ESPE2021 ePoster Category 2 Growth and syndromes (to include Turner syndrome) (56 abstracts)
1Hospital Miguel Servet, Zaragoza, Spain; 2Hospital Universitario de Donostia, San Sebastián, Spain; 3Consorcio Hospital General Universitario de Valencia, Valencia, Spain; 4Fundación Hospital de Calahorra, Calahorra, Spain
Objectives: - To establish the main factors on which a good response to GH treatment depends. - To study the optimum adherence values. - To study the impact of the loss of adherence in the treatment with GH.
Materials and Methods: This is a non-interventional, retrospective observational study, by reviewing medical records of patients undergoing GH treatment for at least 2years due to GHD or SGA. Patients received treatment with Saizen®, allowing to assess adherence to treatment through the EasyPod Connect platform. Statistical significance has been considered when p≤0.05.

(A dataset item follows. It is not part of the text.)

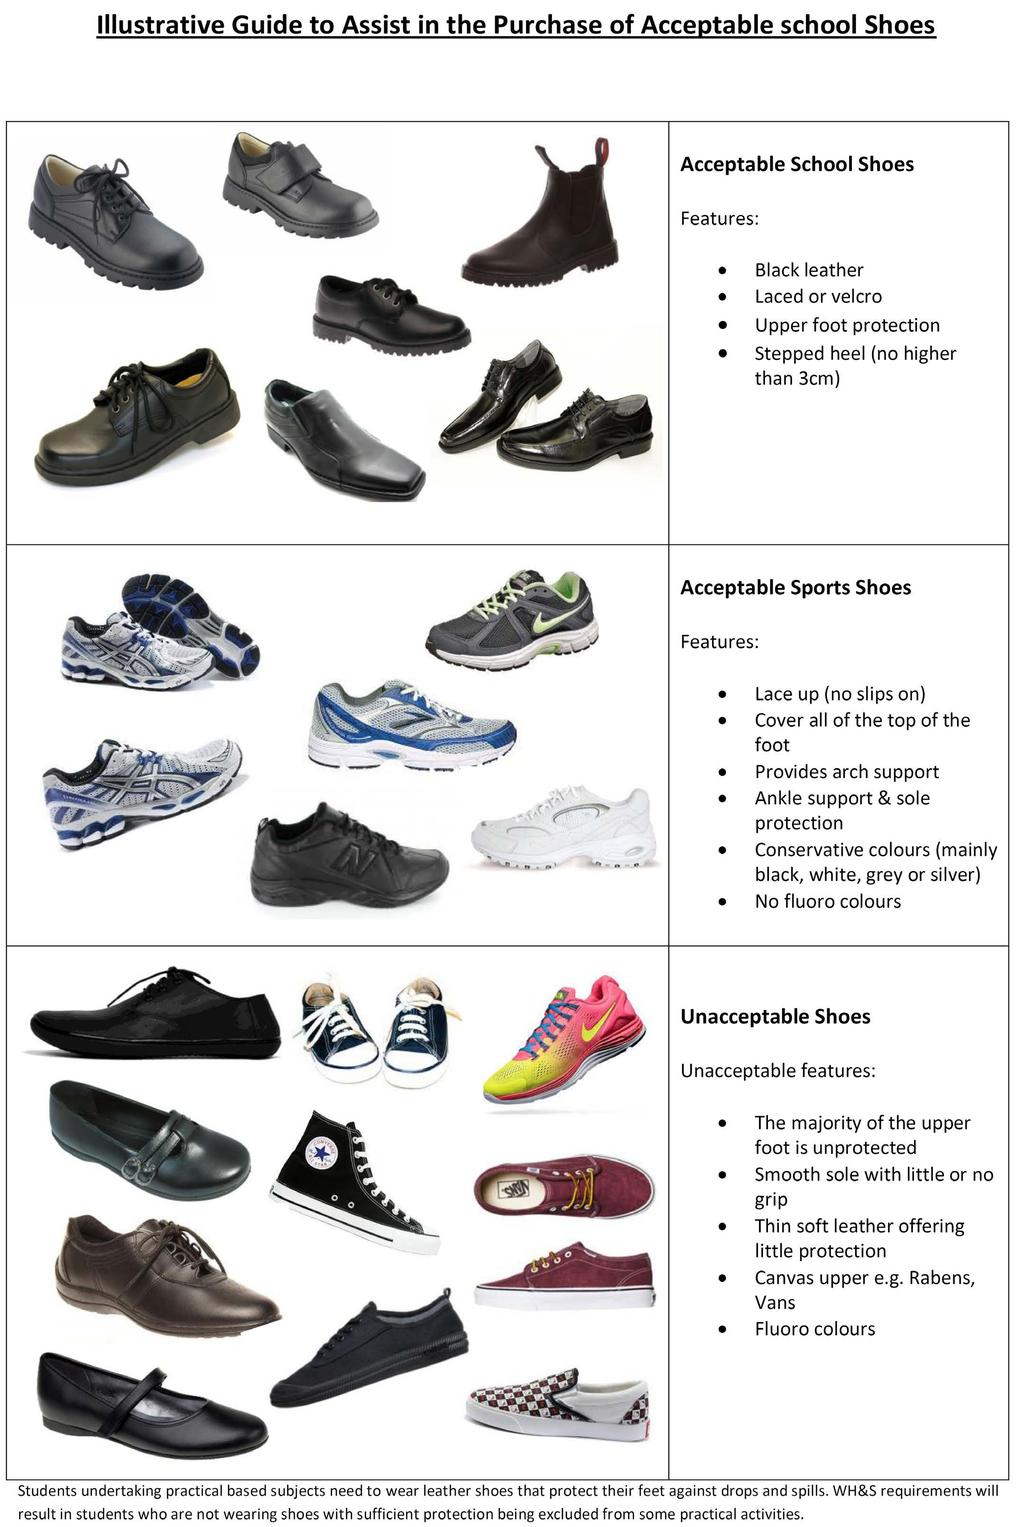 Acceptable School Shoes
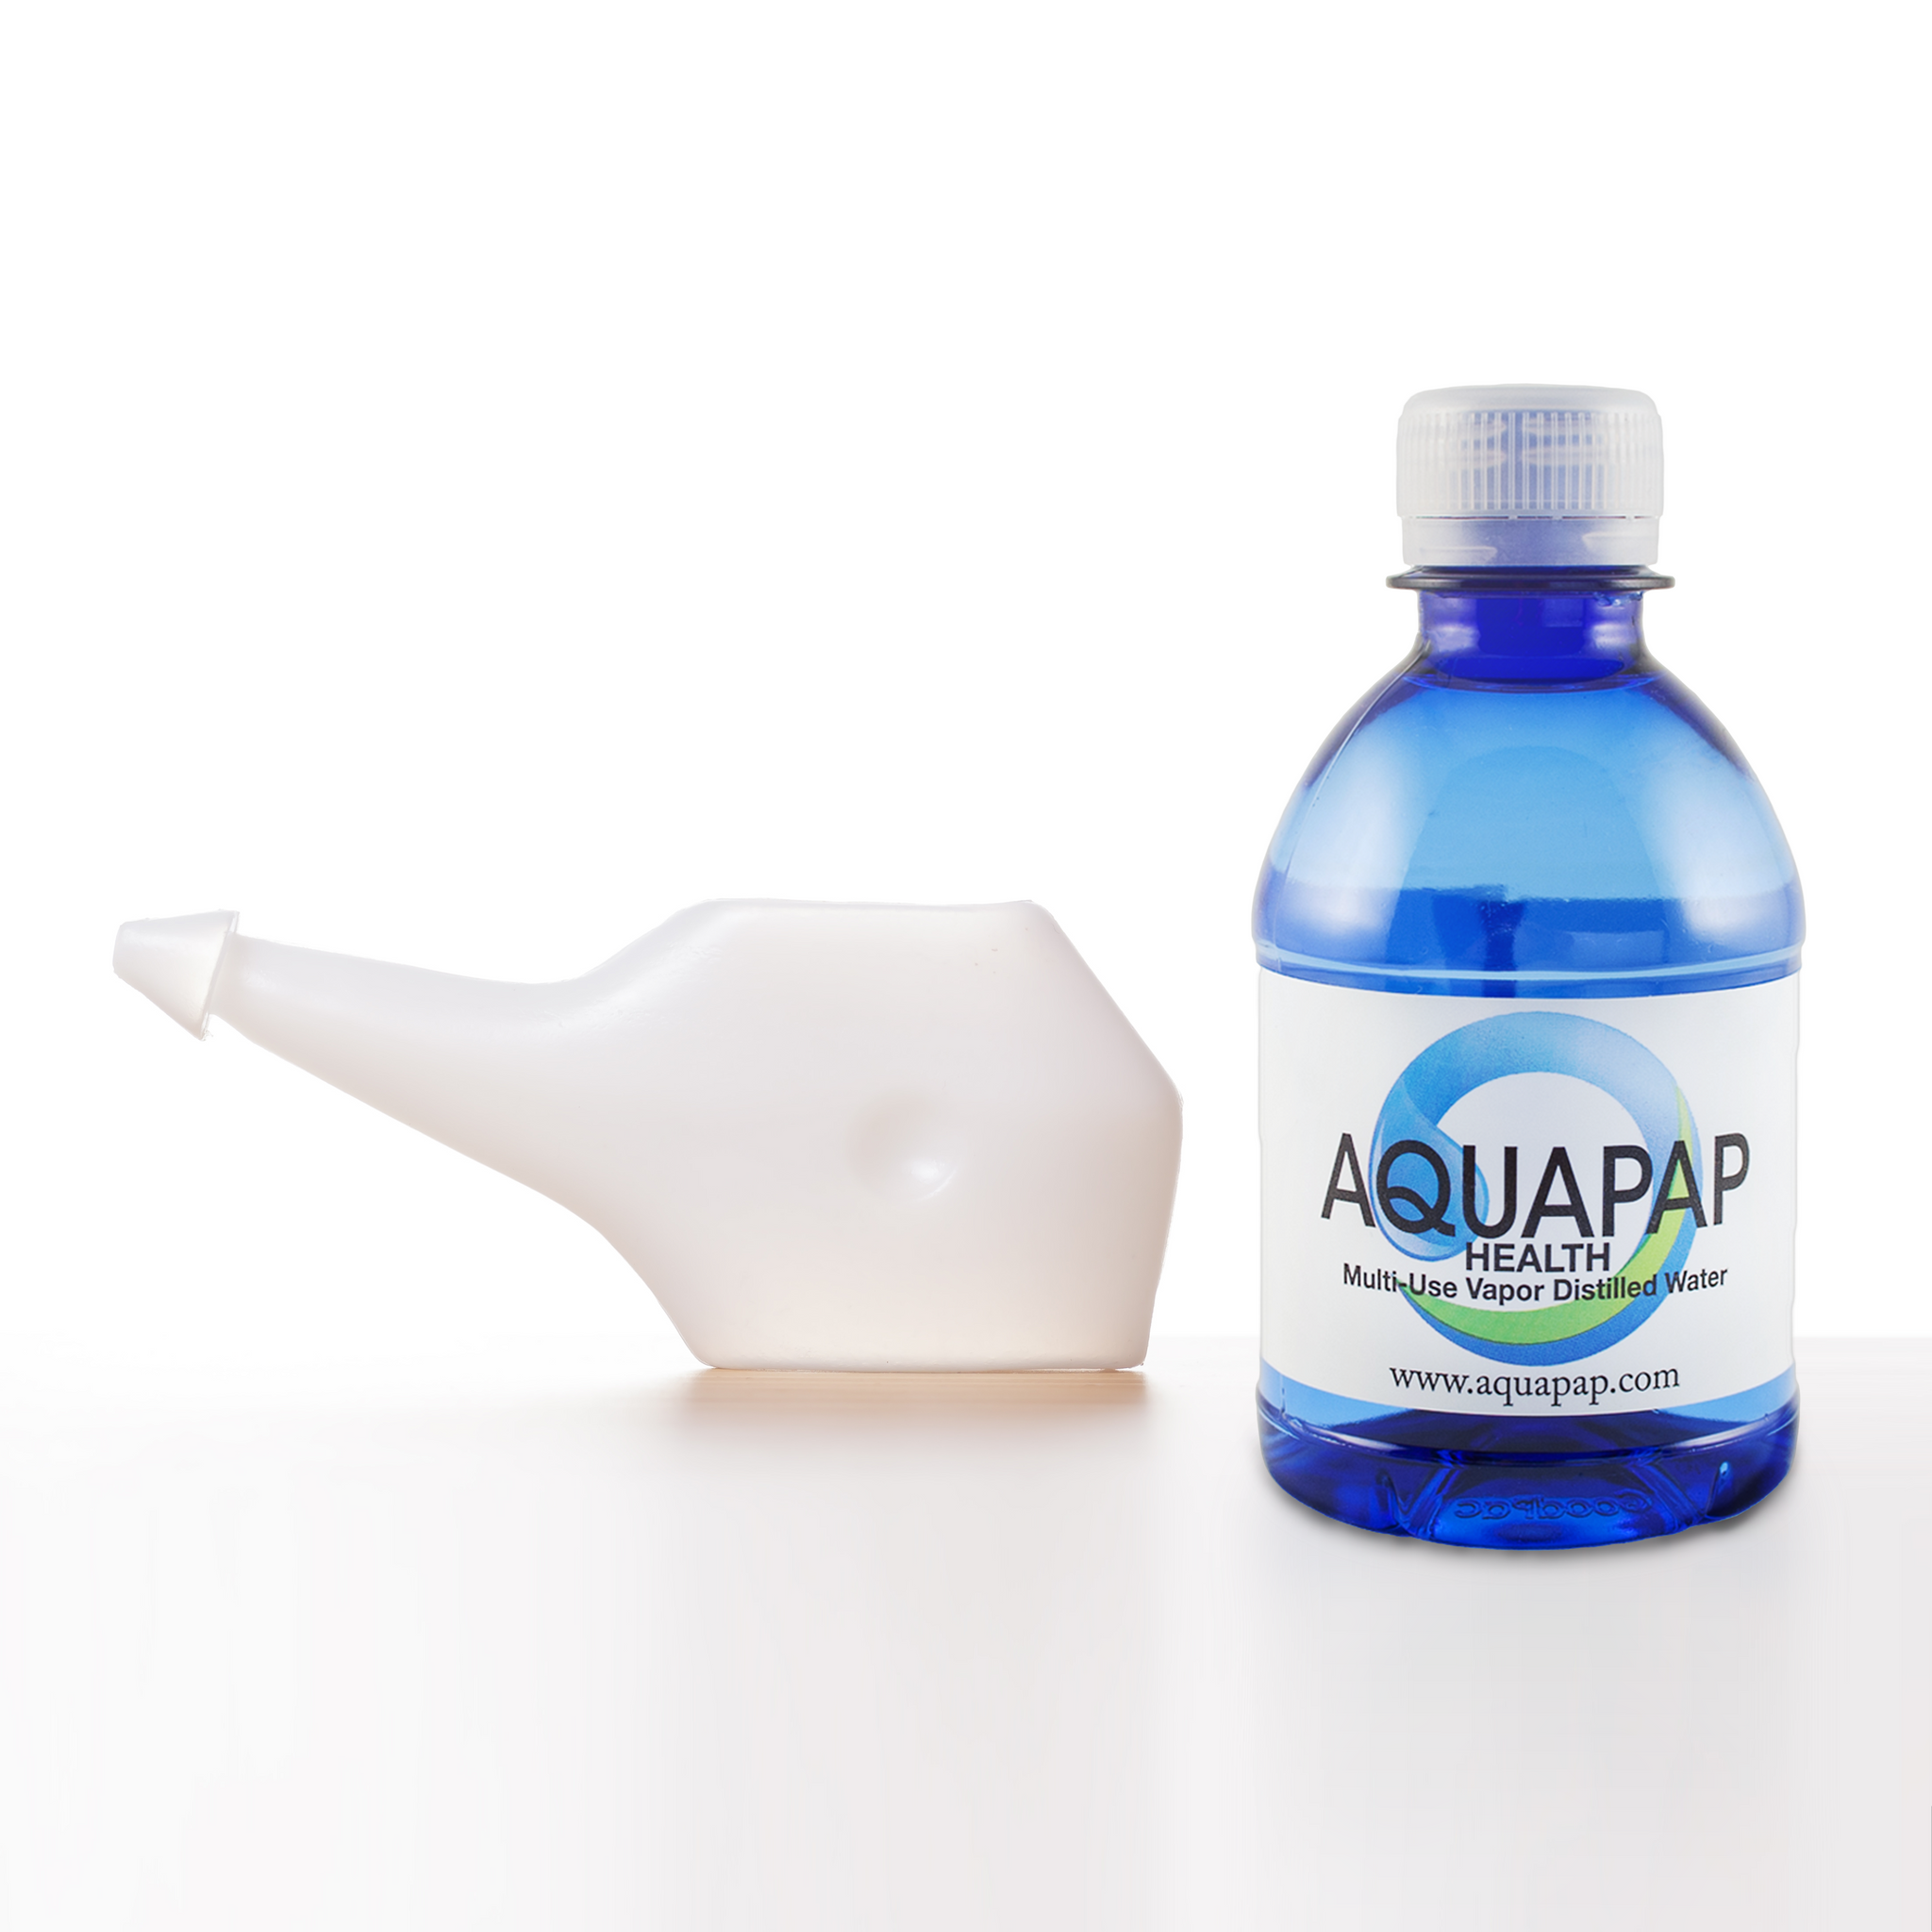 AQUAPAP Health Neti Pot Nasal Irrigation Vapor Distilled Water 8 Pack of 8oz Single Serve Bottles (Water Only Does Not Include Neti Pot)

Results: 110patients (51.4%boys, 48.6%girls), 69% GHD, 31% SGA. Patients with the lowest height velocity (HV)SDS are those with the highest adherence (r = -0.230, P = 0.017) and achieve a higher HV gain in the first year (r = -0.499, P = 0.000). At first year, IoR1 is associated with a higher heightSDS (r = 0.573, P = 0.000), HVSDS (r = 0.615, P = 0.000), heightSDS in the 2ºyear (r = 0.581, P = 0.000) and higher HVSDS 2ºyear (r = 0.398, P = 0.000). More adherence during the first year correlates to higher HV during the first year, compared to the previous one at the beginning (HV1-HV0) (r = 0.182, P = 0.04), and a better adherence and IoR2 persist the 2ºyear (r = 0.836, P = 0.000, r = 0.246, P = 0.01, respectively). Patients with an adherence>90% during the first year, have more frequently a HV>1SDS (P = 0.025) and higher heightSDS (P = 0.003) and height-gainSDS (P = 0.000). In the 2ºyear, a higher IoR1 correlates to heightSDS (r = 0.581, P = 0.000) and the HVSDS (r = 0.398, P = 0.000). A higher heightSDS in the first year correlates to higher heightSDS the 2ºyear (r = 0.887, P = 0.000) a higher IoR2, heightSDS (r = 0.201, P = 0.035) and HVSDS (r = 0.401, P = 0.000). Adherence during the 2ºyear is better in those with higher HV1-HV0 (r = 0.201, P = 0.035), better adherence the first year (r = 0.836, P = 0.000), and in those with a higher IoR2 (r = 0.298, P = 0.002). There is a positive correlation between the educational level of the father and mother and adherence the first (r = 0.031, P = 0.006, r = 0.21, P = 0.04, respectively) and the 2ºyear (r = 0.35, P = 0.00, r = 0.24, P = 0.03, respectively). In patients with GHD, every 10% loss of adherence means a loss of HV of 1.1cm/year, being 0.6cm/year for SGA patients. Adherence could explain 33.4% of the response to treatment with GHD, while if we include the total number of patients in the study, it could explain 38.8%.
Conclusions: Adherence is a determining parameter in the response to treatment with GH; a value> 90% is estimated as optimal for a better response the first year of treatment, and >85% the second. The percentage of adherence is higher in those patients with greater growth restriction at the beginning and remains high in those with higher HV.